• DATA IN THIS EXERCISE
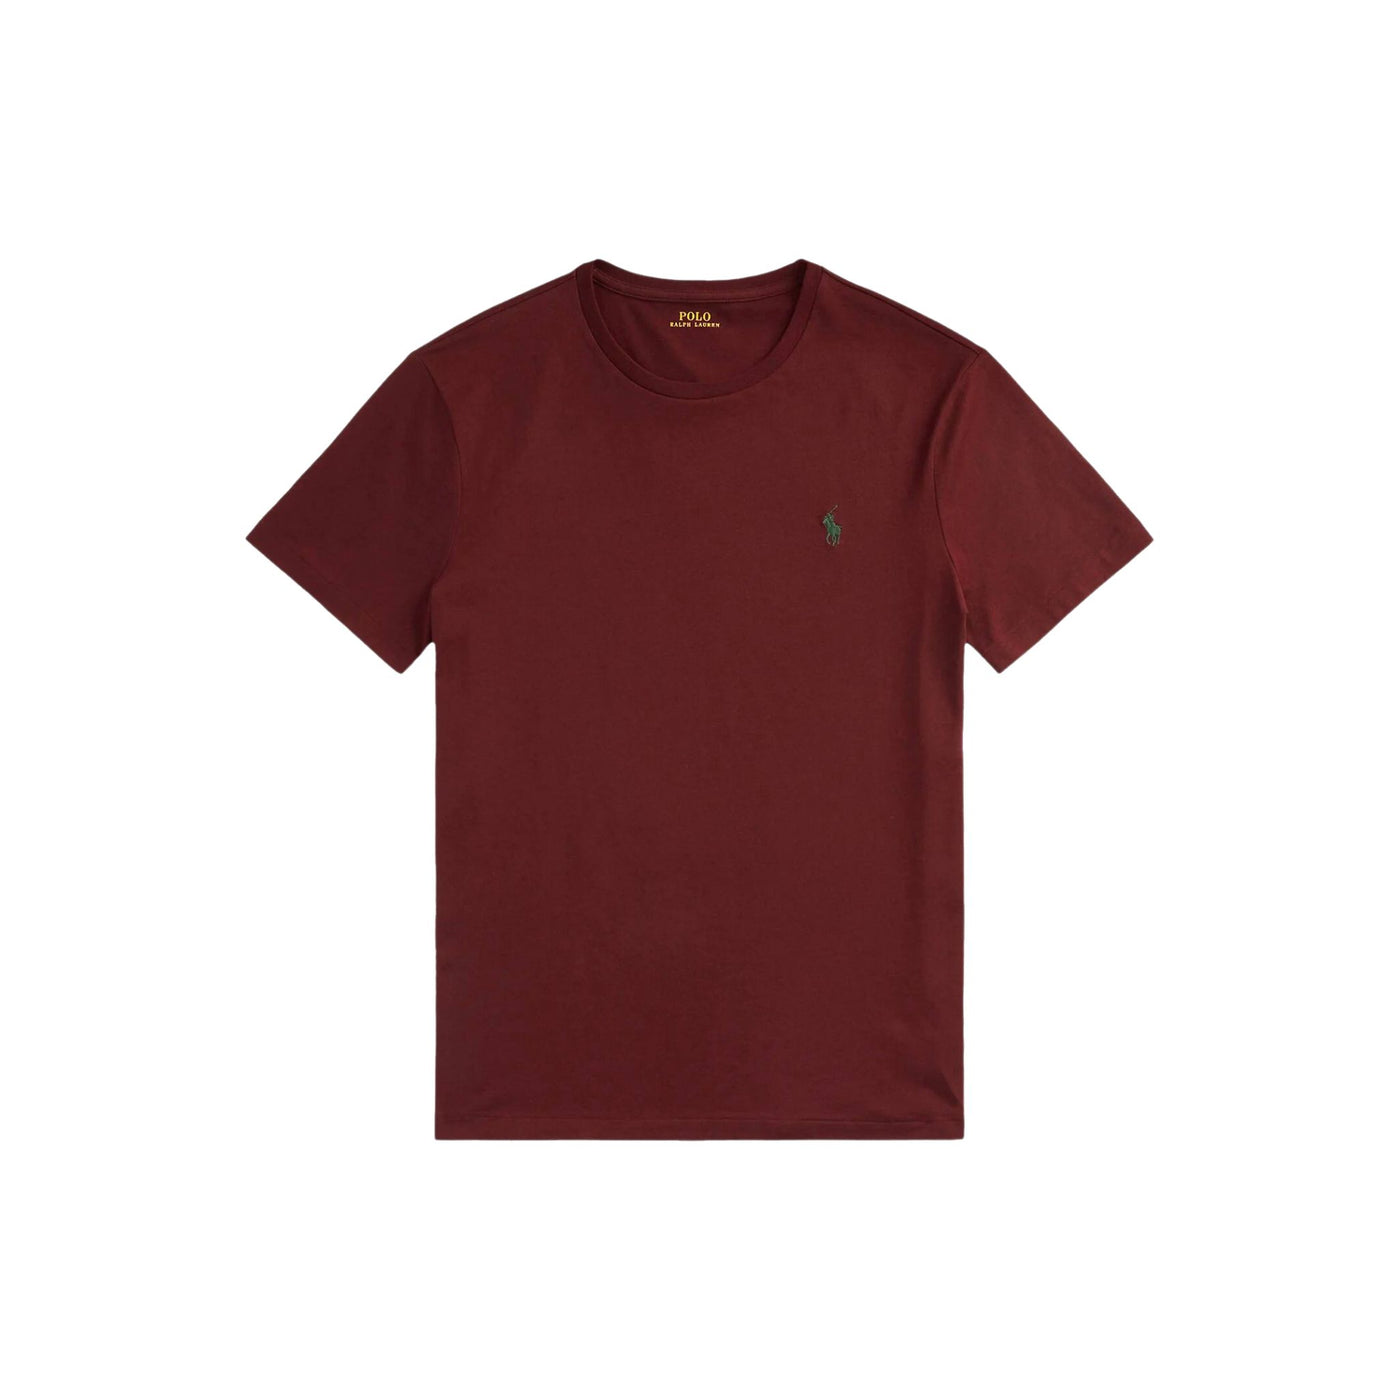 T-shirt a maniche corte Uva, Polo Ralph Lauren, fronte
...
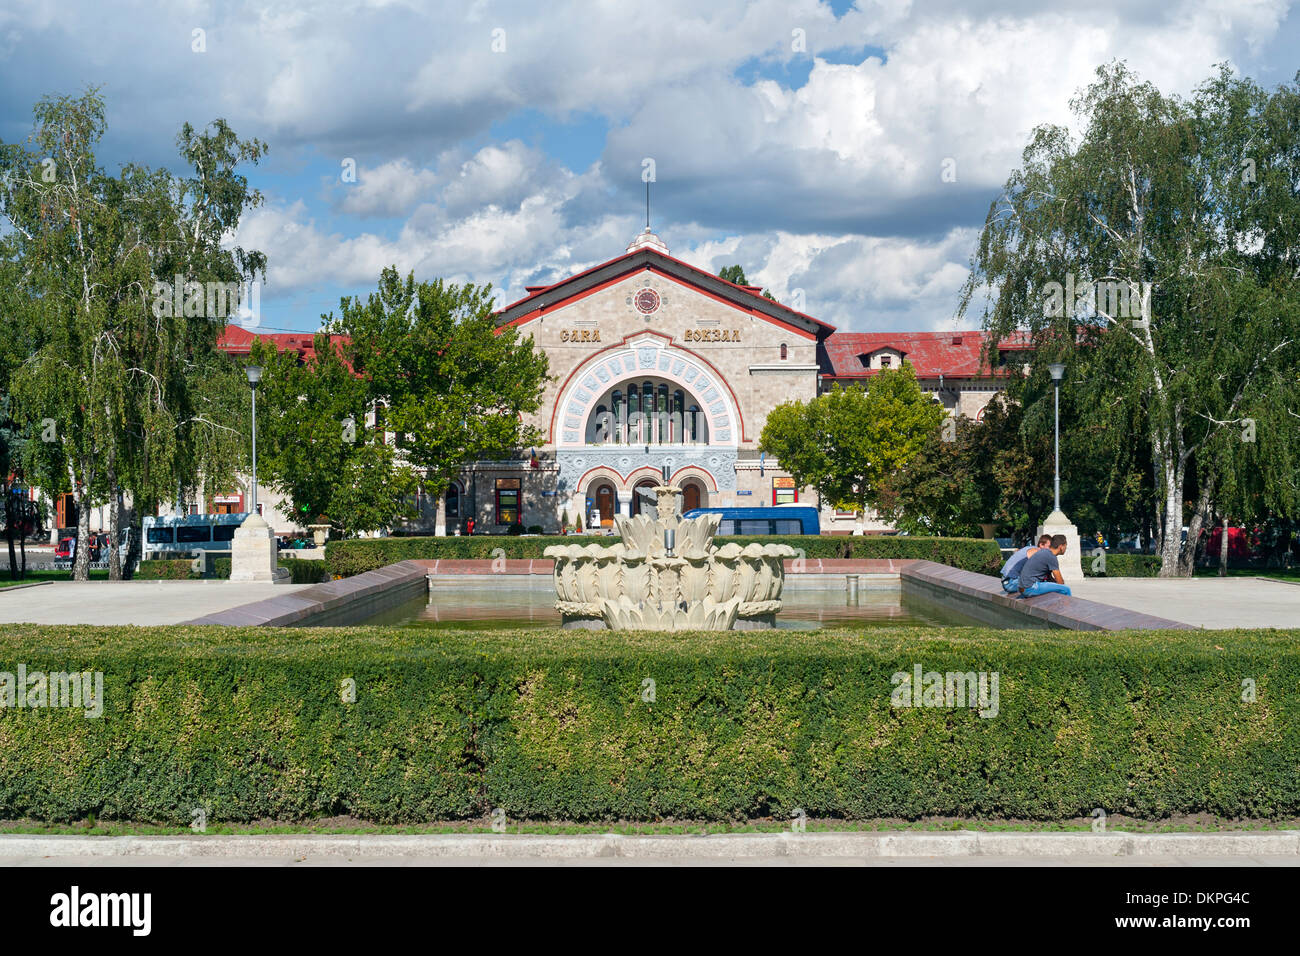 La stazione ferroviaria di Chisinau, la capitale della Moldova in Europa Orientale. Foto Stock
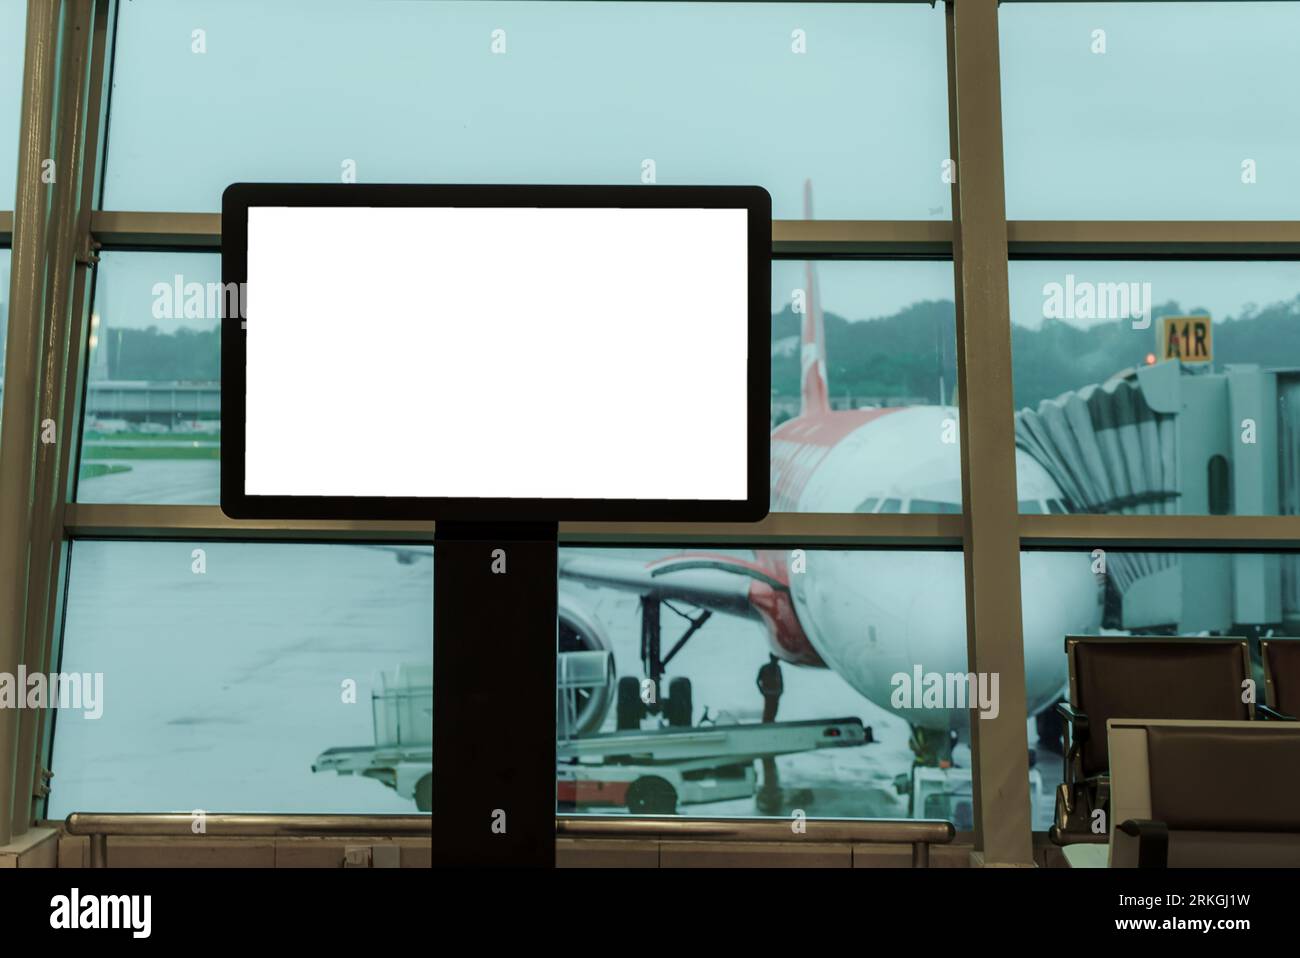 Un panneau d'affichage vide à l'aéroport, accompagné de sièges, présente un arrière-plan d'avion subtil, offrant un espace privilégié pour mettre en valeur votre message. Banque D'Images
--
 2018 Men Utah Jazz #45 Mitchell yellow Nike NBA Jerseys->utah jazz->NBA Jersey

• THE TASK
Once the line with "La stazione ferroviaria" is found in the data above, reproduce it and each line after it exactly, through the line with "Un panneau d'affichage". Omit the pictures.

• REPLY
 La stazione ferroviaria di Chisinau, la capitale della Moldova in Europa Orientale. Foto Stock
 Un panneau d'affichage vide à l'aéroport, accompagné de sièges, présente un arrière-plan d'avion subtil, offrant un espace privilégié pour mettre en valeur votre message. Banque D'Images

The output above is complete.